My experiences with first-year and upper-level writing instruction have further confirmed that if you are grading, you may not be teaching.
Specifically, teaching citation and scholarly writing has revealed a problem that directly exposes why grading often works against our instructional goals.
First, let me stress again that the essential problems with grading include how traditional practices (such as assigning grades that are averaged for quarter and/or semester grades that are then averaged for course grades) tend to blur the distinction between summative and formative grades, inhibiting often the important role of feedback and student revision of assignments.

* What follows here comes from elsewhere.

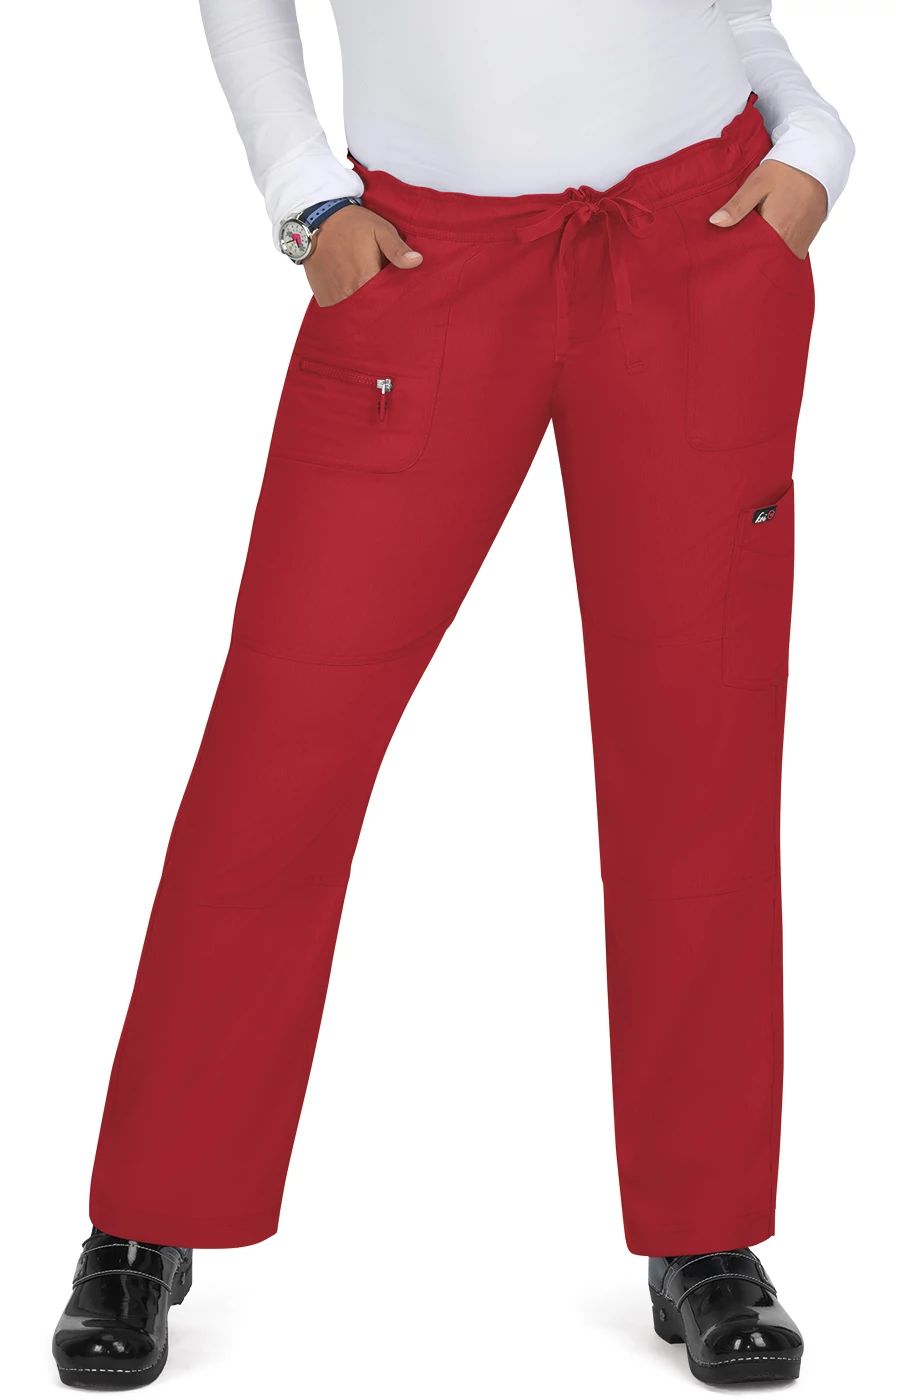 Women's Grey Golf Pants with Welt Pockets - Stylish and Comfortable |  Sportsqvest

The blurring of formative and summative grades that occurs in averaging, as I have confronted often, deforms teaching and learning because students are being held accountable during the learning process (and thus discouraged from taking risks).
To briefly review the problems with grades and averaging, let me offer again what my major professor argued: Doctors do not take a patient’s temperature readings over a four-day stay in the hospital in order to average them, but does consider the trajectory of those readings, drawing a final diagnosis on the last reading (or readings). Thus, averaging is a statistical move that distorts student growth, deforms the value of reaching a state of greater understanding.
I struggle to break through students resisting the drafting, feedback, revision process because they have been taught to submit instantly perfect work; that their identifiable flaws are the loss of points-not necessary areas to learn, grow, and excel.
As I end my thirty-fourth year teaching, I cannot stress hard enough that if you are grading, you may not be teaching, and your students likely are not learning the very things you value enough to assess.